Task. Restate exactly the lines below, from the one containing "our ambition is" through the final line, and leave out the pictures.

Material provided.

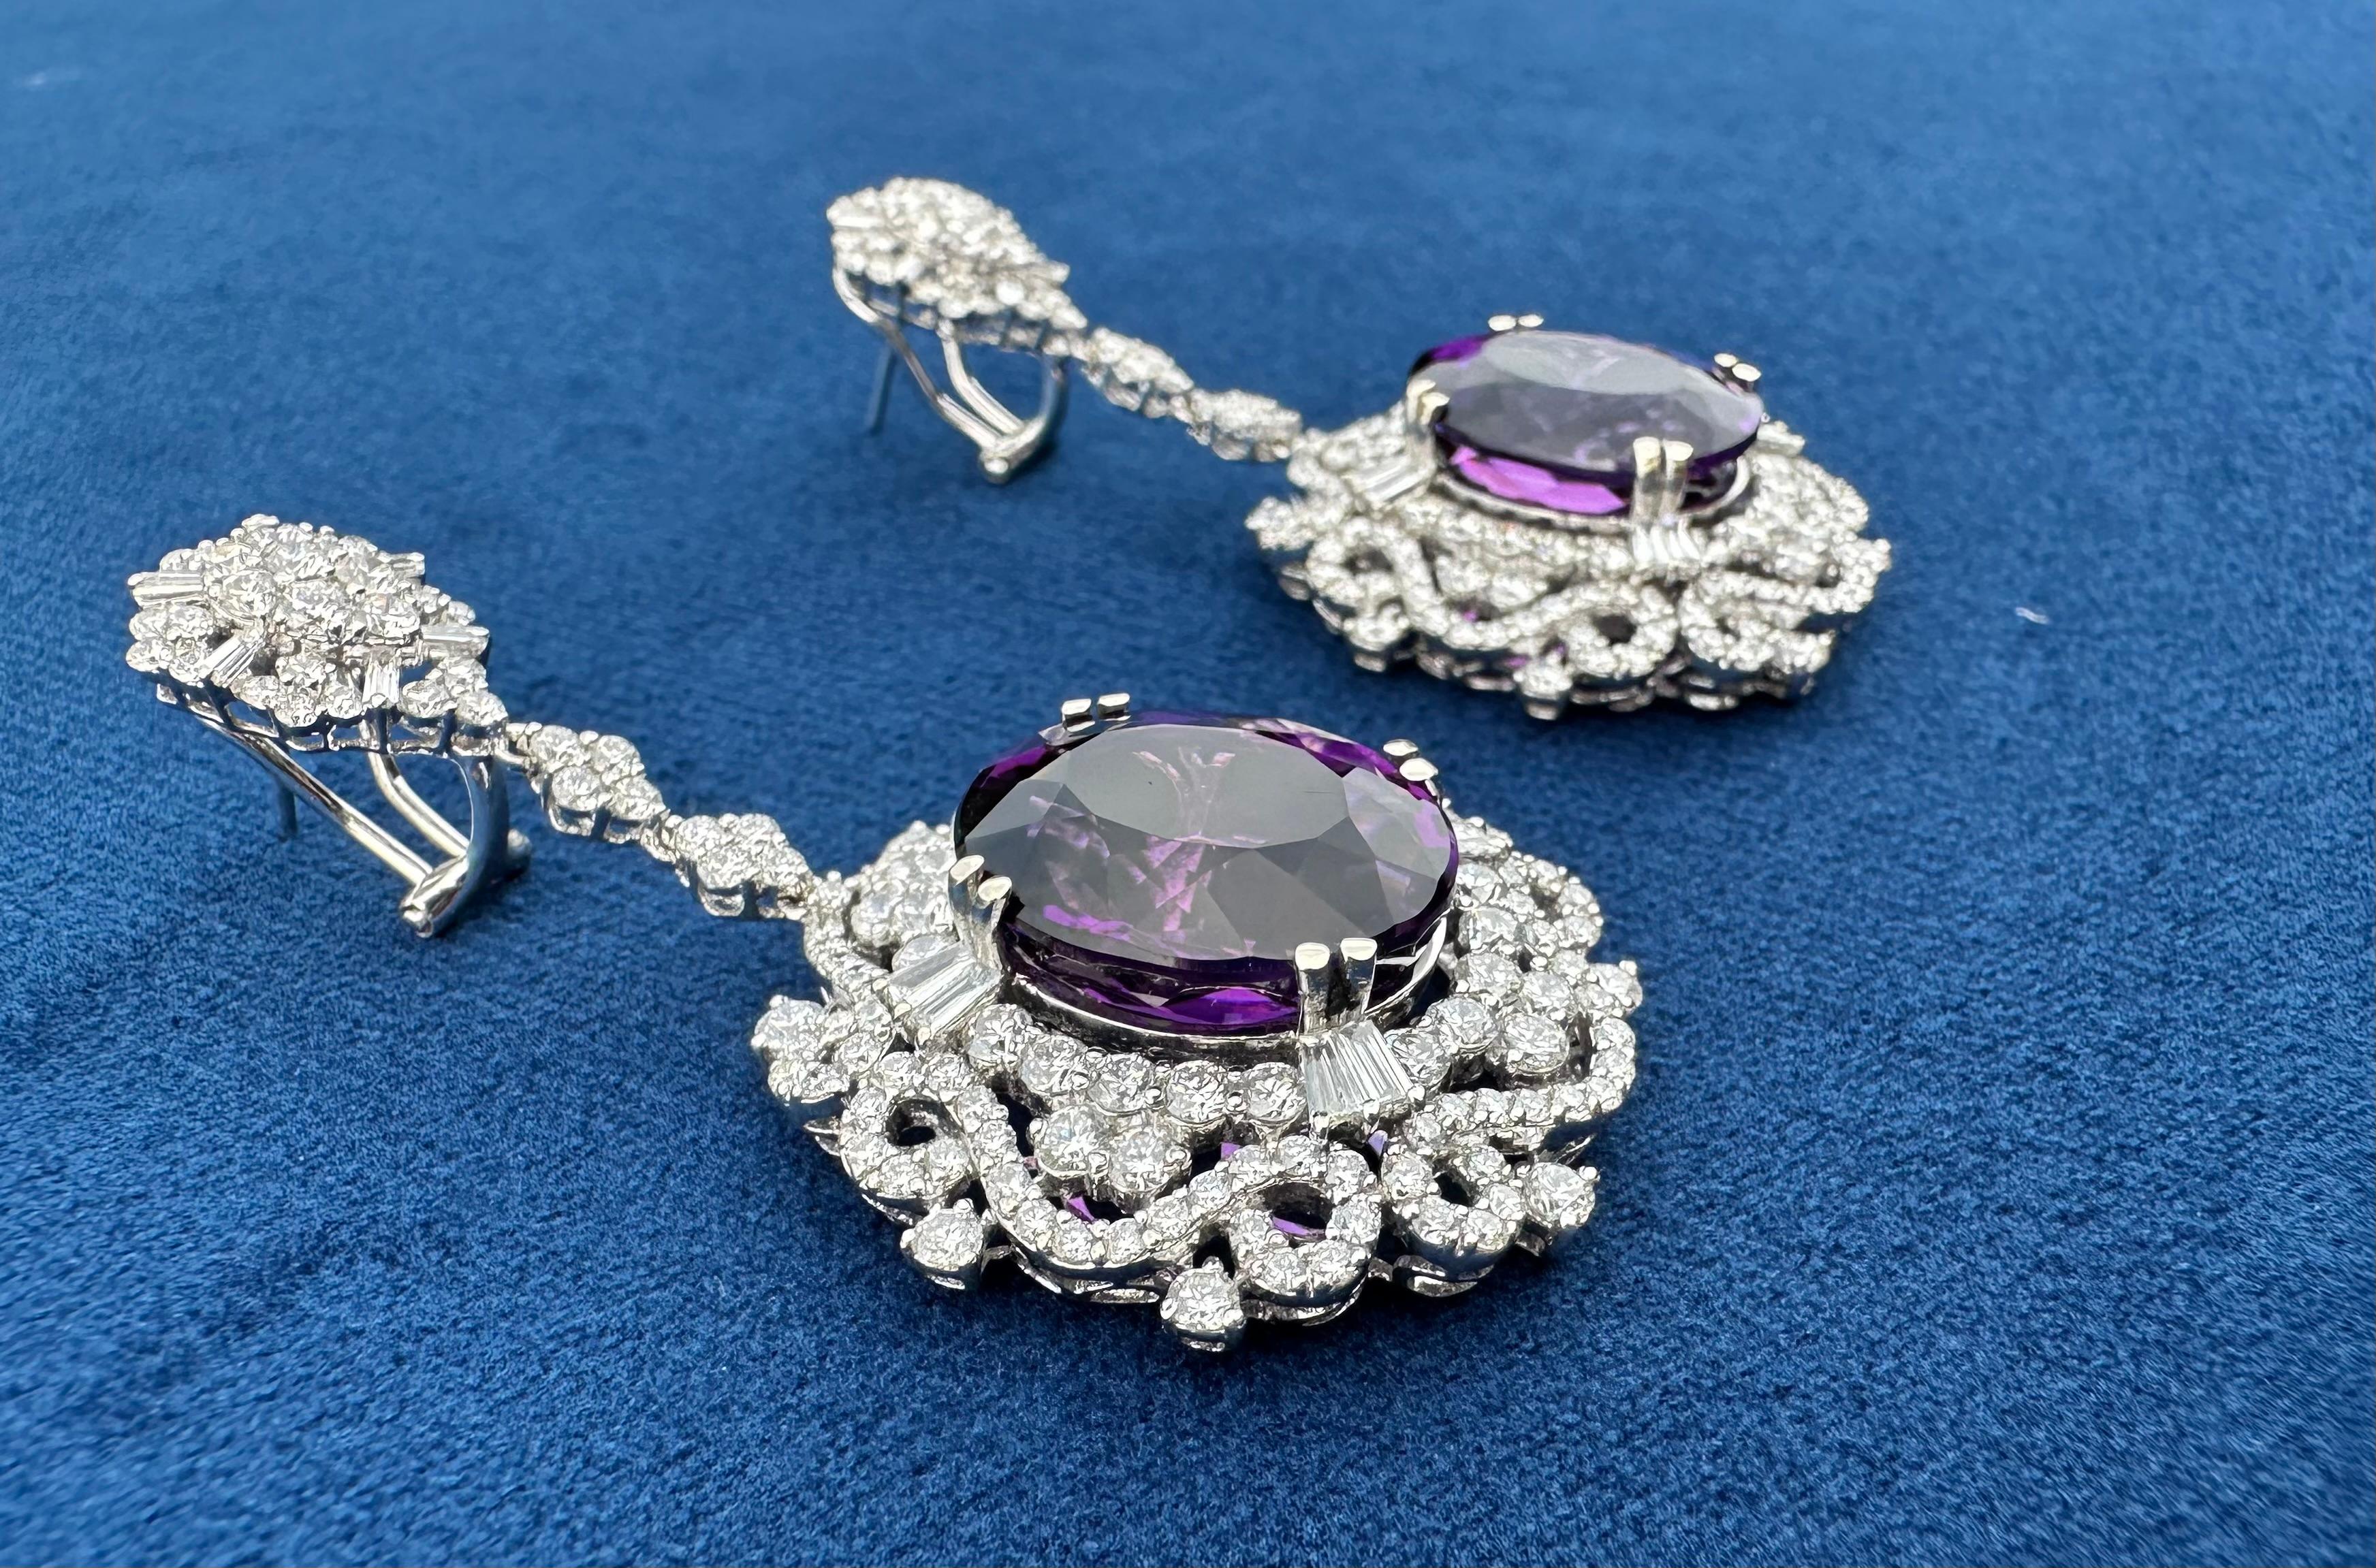 Women's Exquisite Pair of 42.49 Carat Amethyst and Diamond 18K White Gold Earrings For Sale
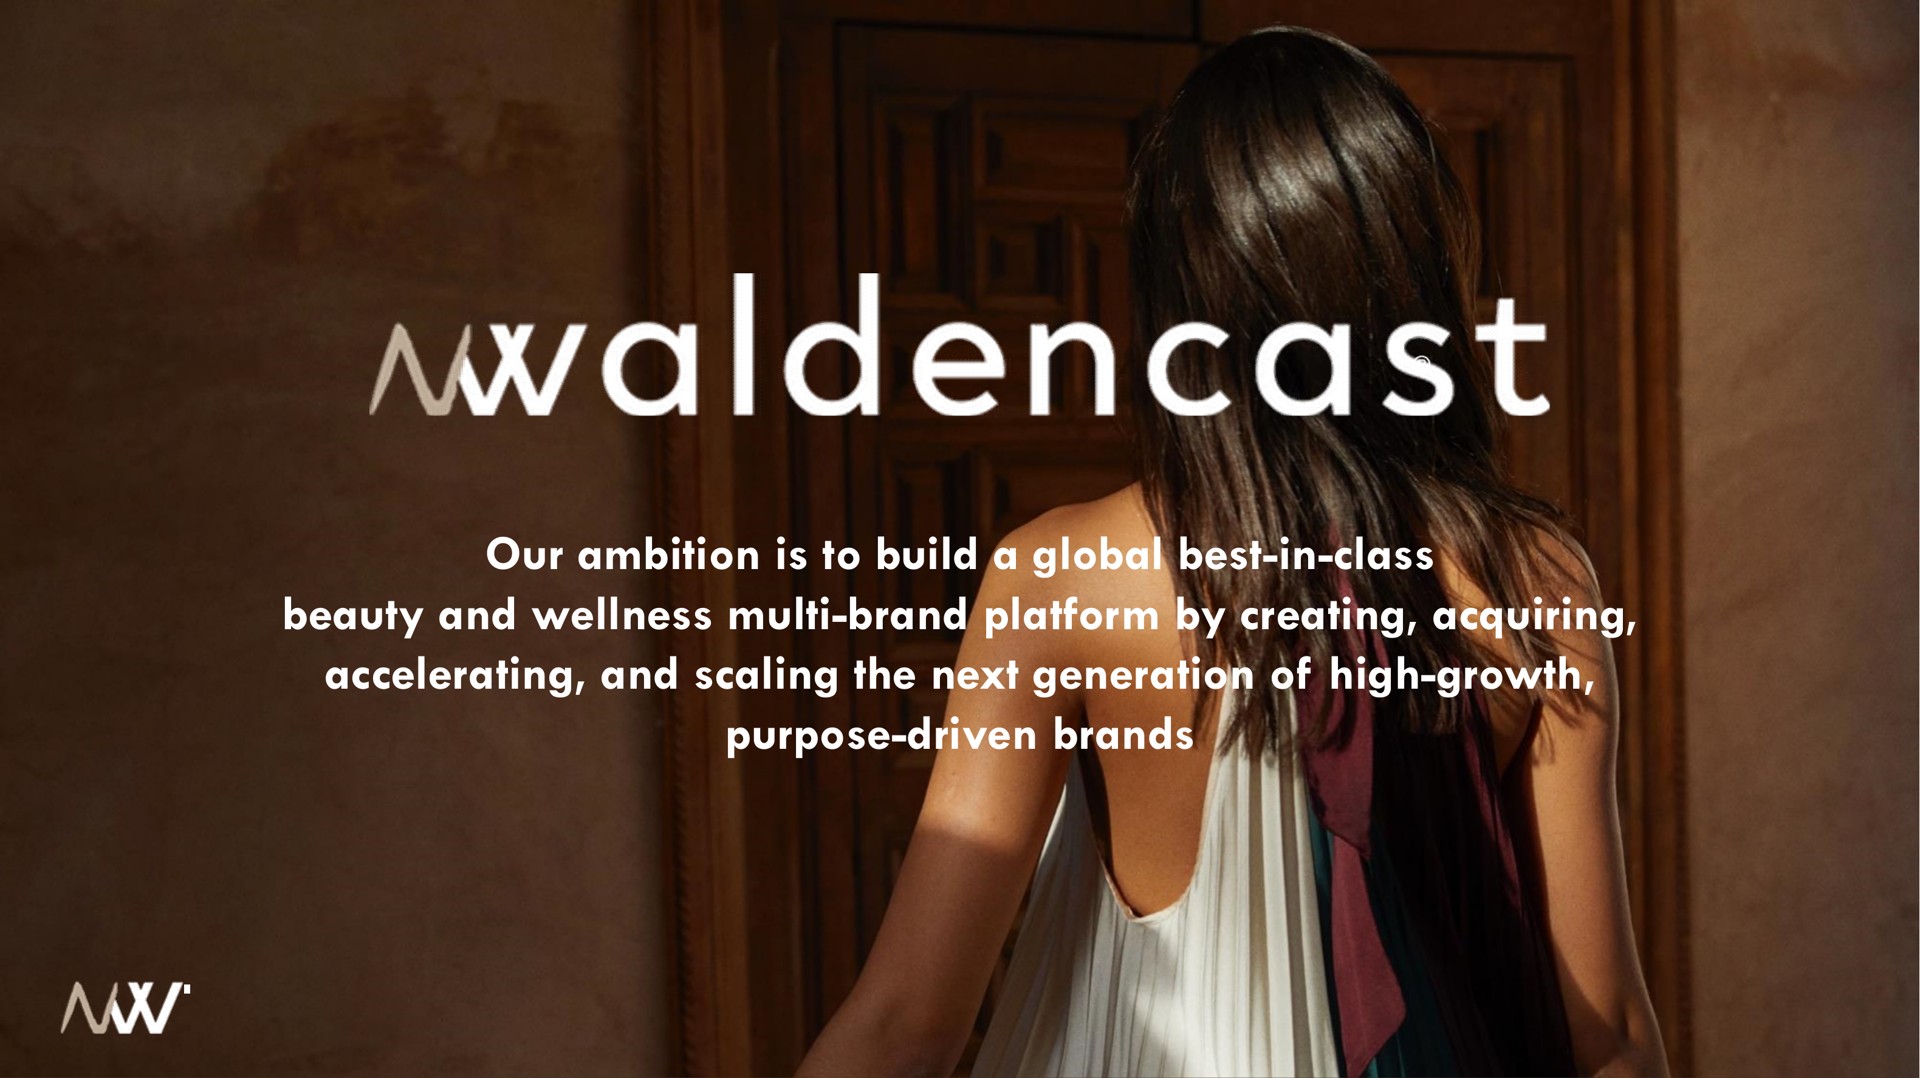 our ambition is to build a global best in class beauty and wellness brand platform by creating acquiring accelerating and scaling the next generation of high growth purpose driven brands | Waldencast
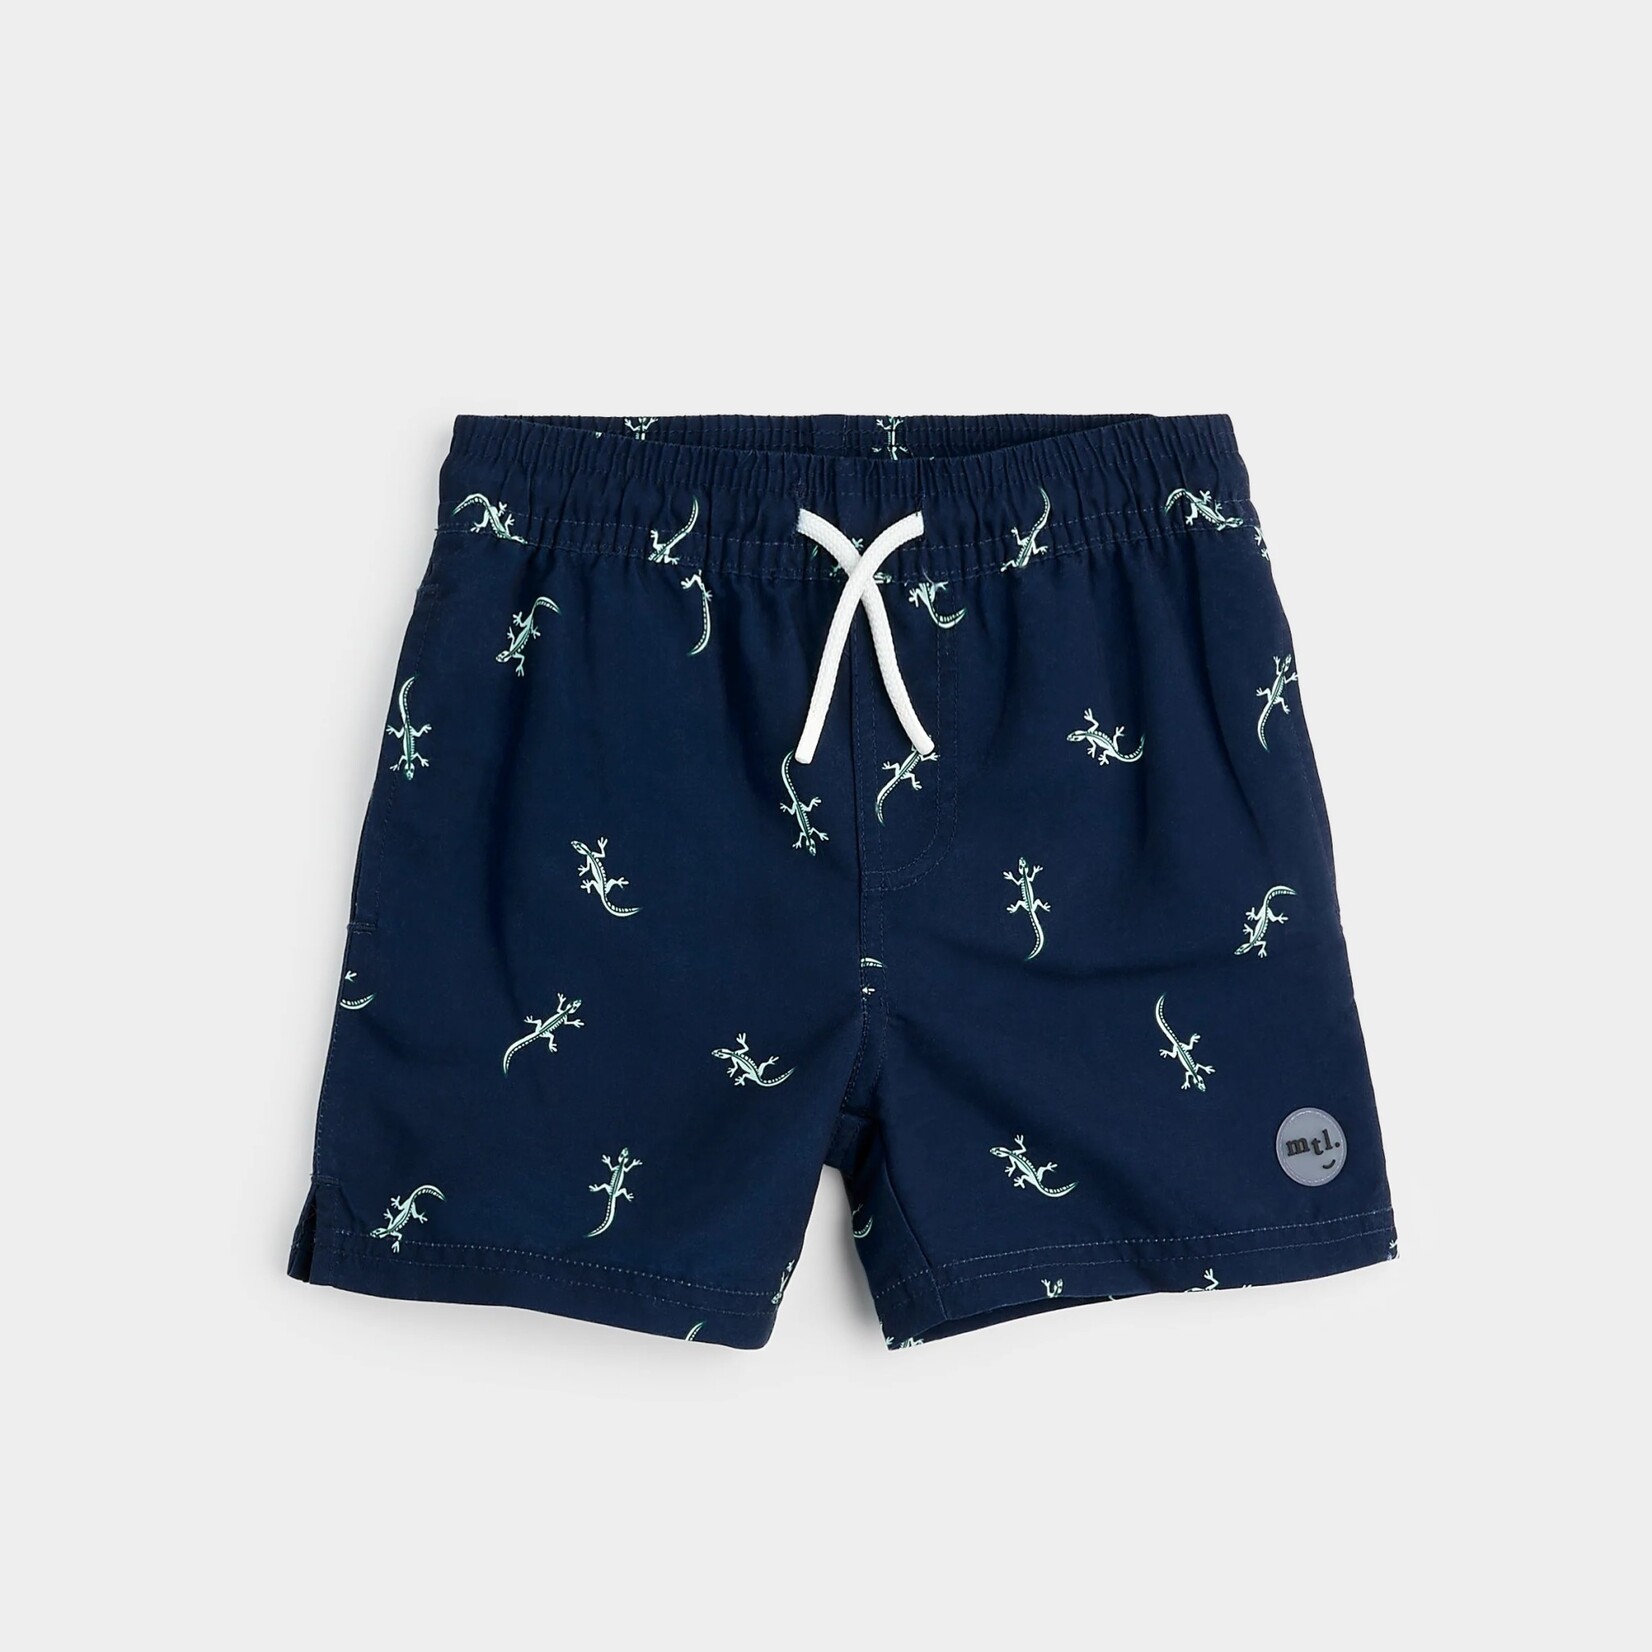 Miles the label MILES THE LABEL- Navy Boardshort Swimsuit with Gecko Print

Result of this exercise.
 our ambition is to build a global best in class beauty and wellness brand platform by creating acquiring accelerating and scaling the next generation of high growth purpose driven brands | Waldencast
 Miles the label MILES THE LABEL- Navy Boardshort Swimsuit with Gecko Print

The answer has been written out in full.